Os artistas locais nunca foram esquecidos na ARTIS, que teve origem nas grandes colectivas de artistas senenses (1999, 2000 e 2001). A edição de 2011 mantém a exposição colectiva de artistas locais, a realizar no “foyer” do cine-teatro, e serão homenageados mais um artista e um fotógrafo senenses. Em 2010, foram distinguidos José Carlos Calado (Fotografia) e Ricardo Cardoso (Artes Plásticas). São mais algumas dezenas de bons motivos para visitar o X Festival de Artes Plásticas de Seia.
Este ano, a exposição colectiva de Fotografia trocará os espaços tradicionais de exposição para se destacar nas montras de Seia, naturalmente com a preciosa colaboração dos comerciantes. Trata-se de uma maneira diferente de levar a arte da fotografia ao grande público, muito dele avesso a frequentar exposições.
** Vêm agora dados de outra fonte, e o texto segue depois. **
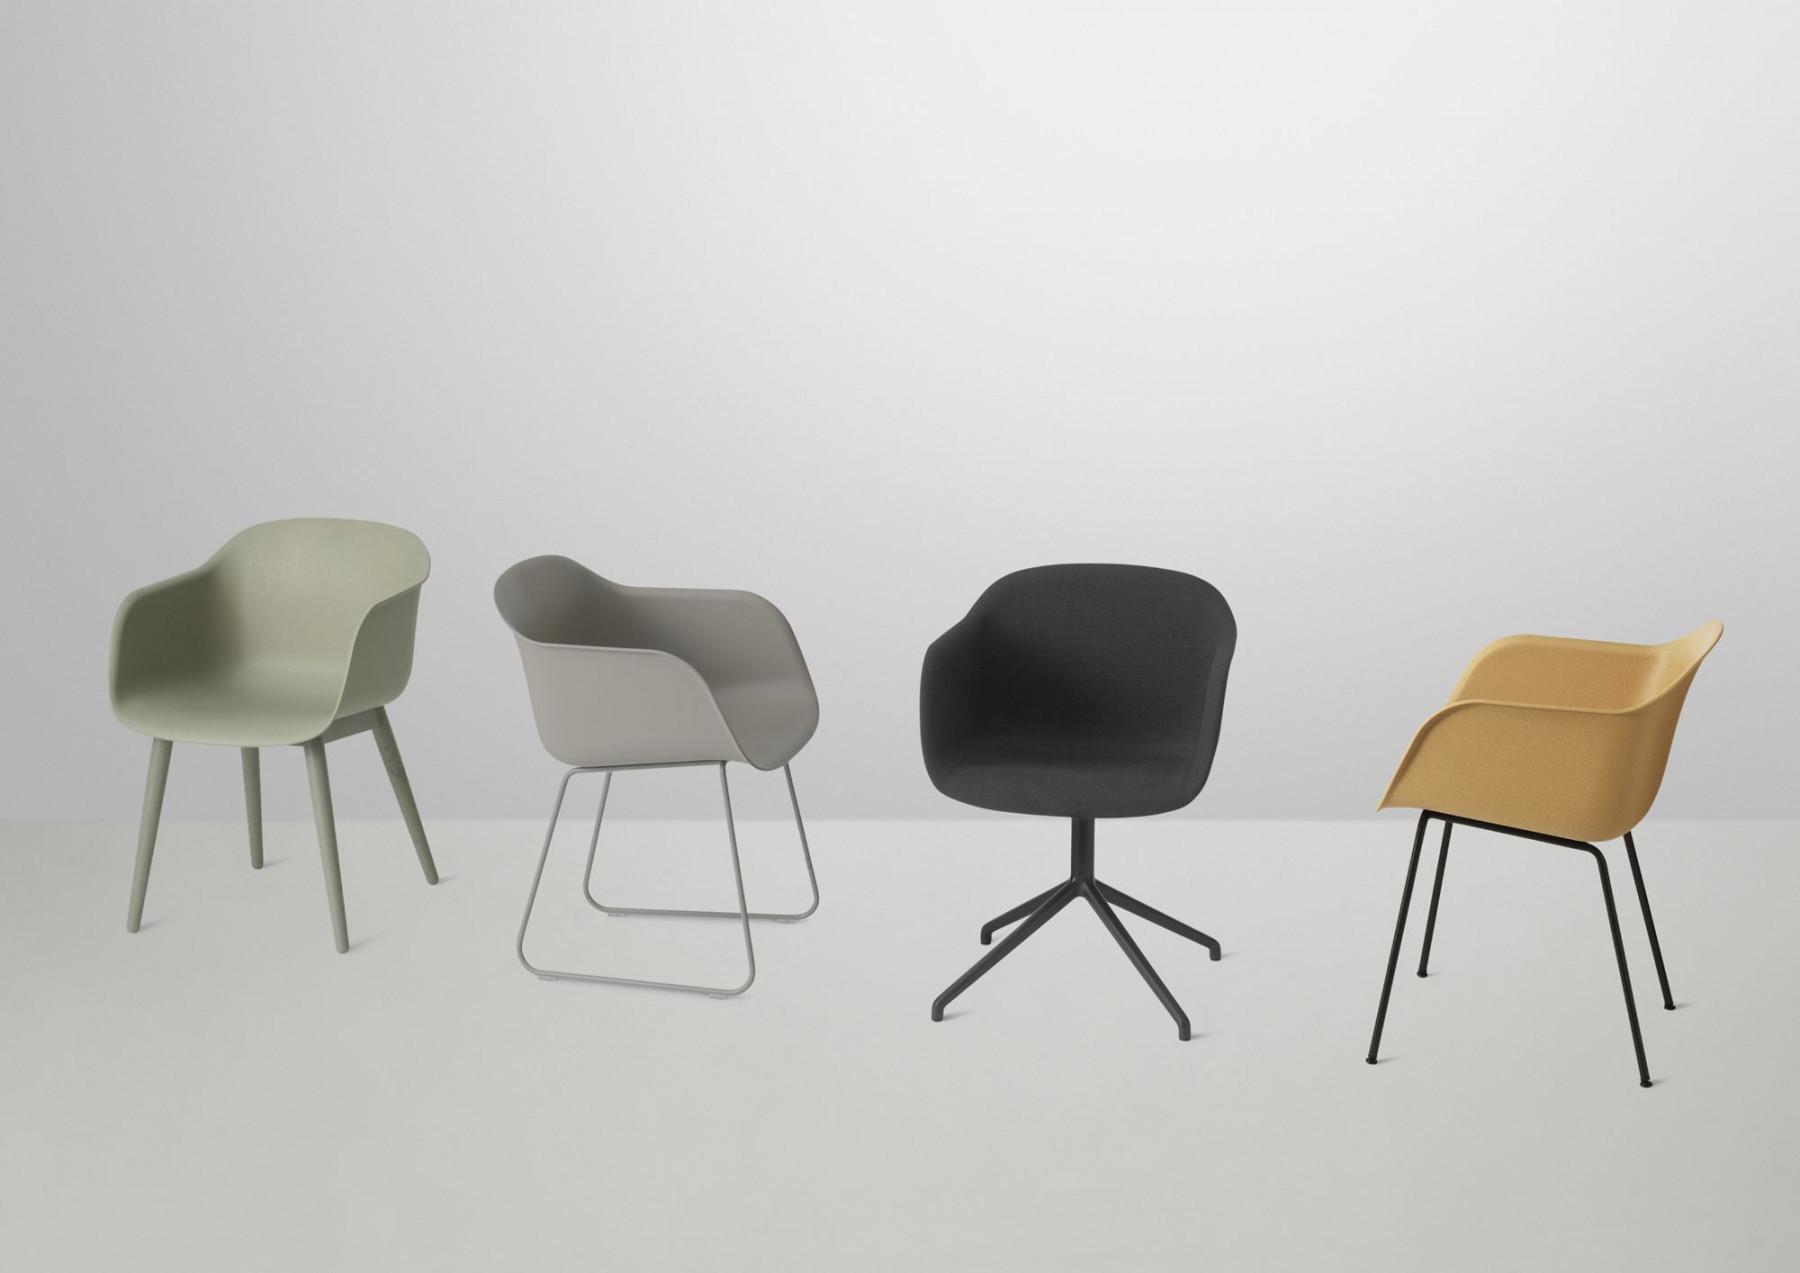 Muuto Stuhl  Fiber Chair Tube Base Stuhl Muuto einrichten design

Montra das artes do concelho, a ARTIS vai andar pelas montras da cidade, a revelar-se, insinuar-se, cativar.
A ARTIS X apresenta ainda obras recentes de Balbina Mendes, uma artista natural de Miranda do Douro. Conhecida pelas suas paisagens (transmontanas e durienses) a óleo, que apresenta geralmente em exposições itinerantes, Balbina Mendes explora actualmente o tema das máscaras, pintadas em grande formato. Tem mostrado as suas pinturas de máscaras em diversas exposições em Portugal e no estrangeiro e editou um livro sobre a mesma temática. As máscaras transmontanas (e a indumentária dos mascarados), com toda a sua cor e ecos ancestrais, adquirem particular presença e força nas telas de Balbina Mendes – só por si razão suficiente para uma visita à ARTIS X.
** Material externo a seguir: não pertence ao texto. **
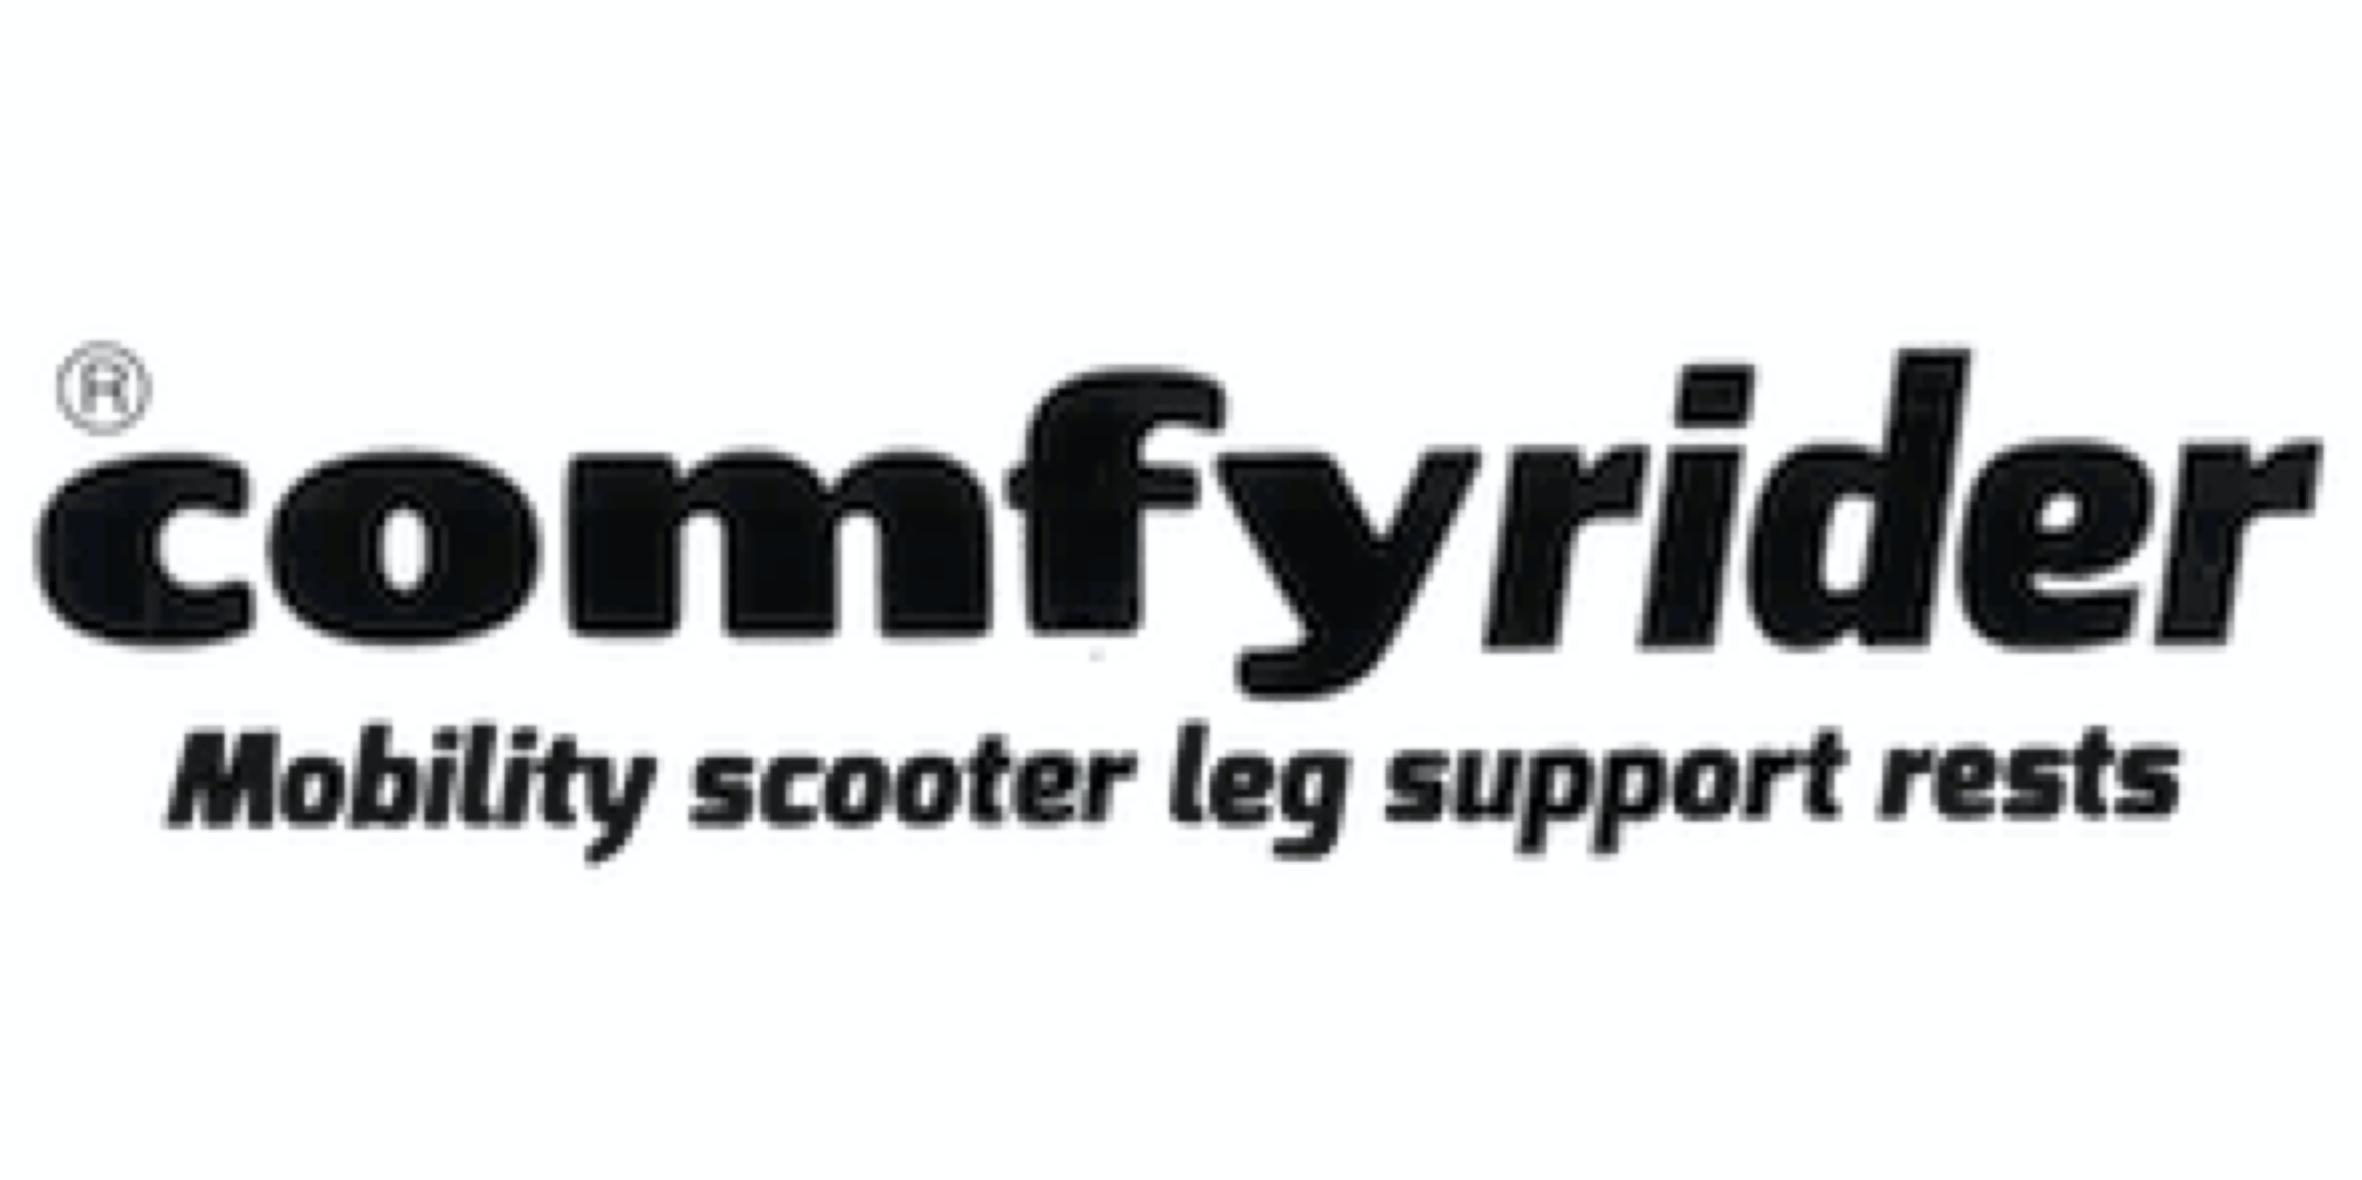 Comfyrider Logo

José Pessoa passará por uma das noites da ARTIS para falar do seu trabalho de várias décadas a inventariar e documentar através da fotografia as obras de arte que fazem parte do Património português. Um trabalho de ciência e arte, oportunamente chamado a mais uma edição das conversas informais – “Novos Olhares, Novos Percursos”.
Anunciam-se ainda oficinas criativas, dimensionadas para o recato da reflexão e criação artística, em contraponto com a música e o teatro, espectáculos concebidos para grandes plateias. Destaque ainda para a estreia cinematográfica de “O Voo da Papoila”, um filme do jovem realizador português natural de Seia, Nuno Portugal.
Ao todo, e por junto, são mil bons motivos para visitar o X Festival de Artes Plásticas de Seia. Falta referir mais um, que faz toda a diferença, o de ser a ARTIS (**) o grande evento artístico que mais se tem aguentado no Interior beirão e que lembra e honra Seia nos mais diversos recantos do espaço nacional.

Sérgio Reis

(*)-Publicado no jornal Porta da Estrela nº 922, 30 de Abril 2011

(**)-Especialmente a Colectiva de Artistas Senenses, que via na XIII edição.